Tue, 05 Mar 2002

Recap bonds blamed for sluggish bank recovery

The Jakarta Post, Jakarta

What once was the savior of the banking sector from collapse is now a ball and chain to its recovery, as analysts blamed the recapitalization bonds for Bank Indonesia's (BI) move to maintain all major banks under its tight supervision.

Bank Indonesia Governor Sjahril Sabirin said large banks like Bank Central Asia, Bank Danamon and all state-owned banks, had been placed under the central bank's intensive supervision.

"Their condition is nothing to worry about," he told reporters.

Bank Indonesia is closely supervising the operation of large recapitalized banks consistent with a new ruling it issued last December.

Sjahril said these banks needed BI supervision because the collapse of just one of them, could drag the entire banking sector down with it.

Yet the ongoing supervision again highlights how frail the country's banking sector remains some four years after the government bailed them out.

Around Rp 430 trillion (about US$43 billion) worth of recapitalization bonds were used to keep banks afloat when the financial crisis swept the country in 1997.

Now banks appear reluctant to return these bonds for fear of a collapse, according to economist Dradjad Wibowo of the Institute for Development of Economics & Finance (INDEF).

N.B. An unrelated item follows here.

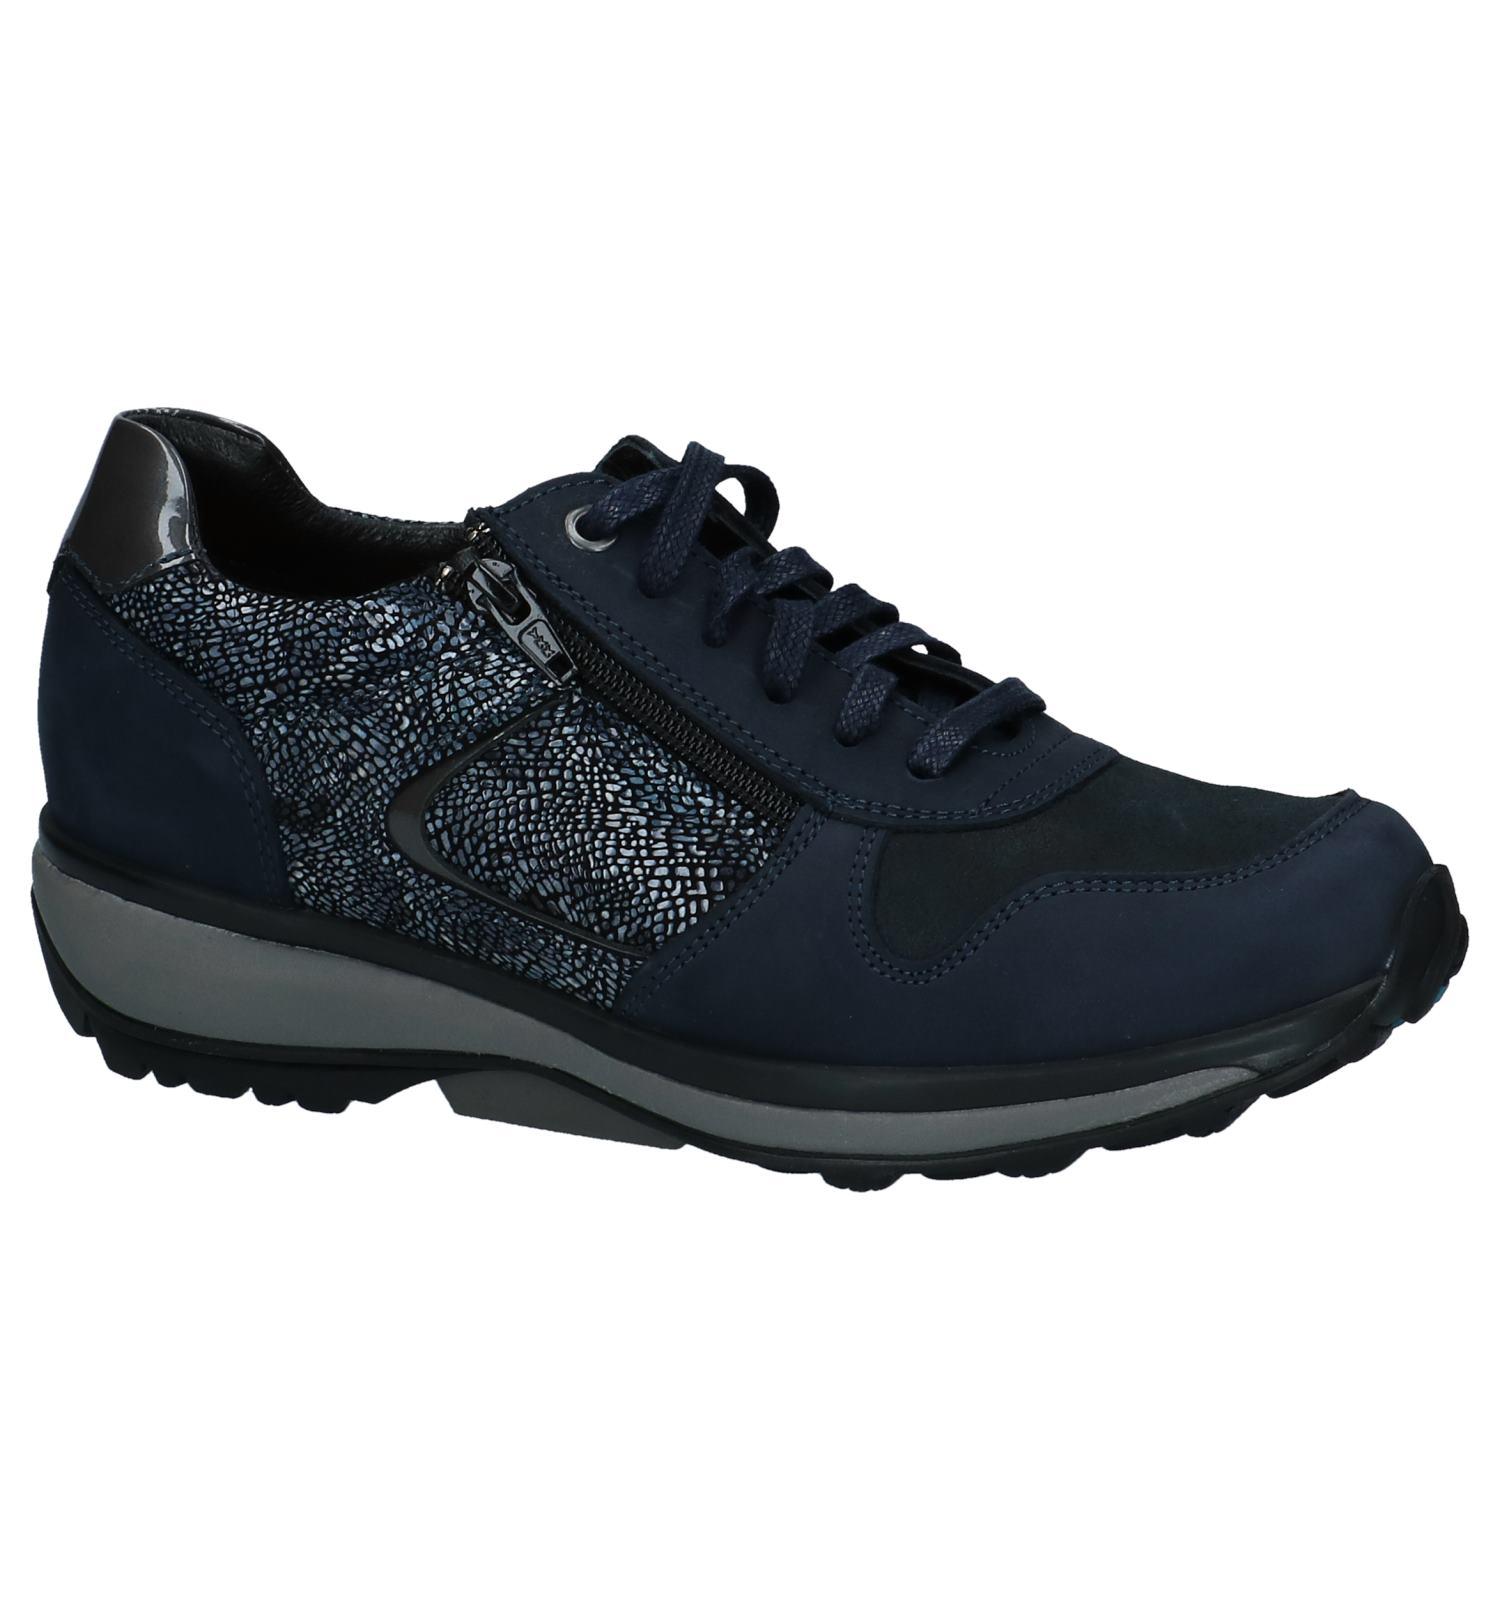 Xsensible Stretchwalker Dames Sneakers Taupe 30207.2   Van

Without interest earnings from the recapitalization bonds and BI promissory notes, Dradjad said, banks would have suffered a negative spread loss of Rp 34 trillion last year.

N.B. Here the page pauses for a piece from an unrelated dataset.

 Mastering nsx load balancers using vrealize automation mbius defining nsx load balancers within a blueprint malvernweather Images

He said replacing the bonds with productive loans however was imperative to turn around the banking sector, lest it would remain fragile and require the continued central bank supervision.

Banks normally earn more on interest rates from lending than on the coupon rates from the government bonds.

Bankers have argued that they had to retain the recapitalization bonds amid low demand for new loans.

But Dradjad said a retention of the recapitalization bonds was actually a disincentive for banks to expand by new lending.

"The trouble with new loans is that they add new risks, whereas recap bonds carry zero risk," he explained.

Tubagus Feridhanusetyawan senior economist at the Centre for Strategic and International Studies agreed, saying banks' earning structure would remain poor if they continued to rely on bonds.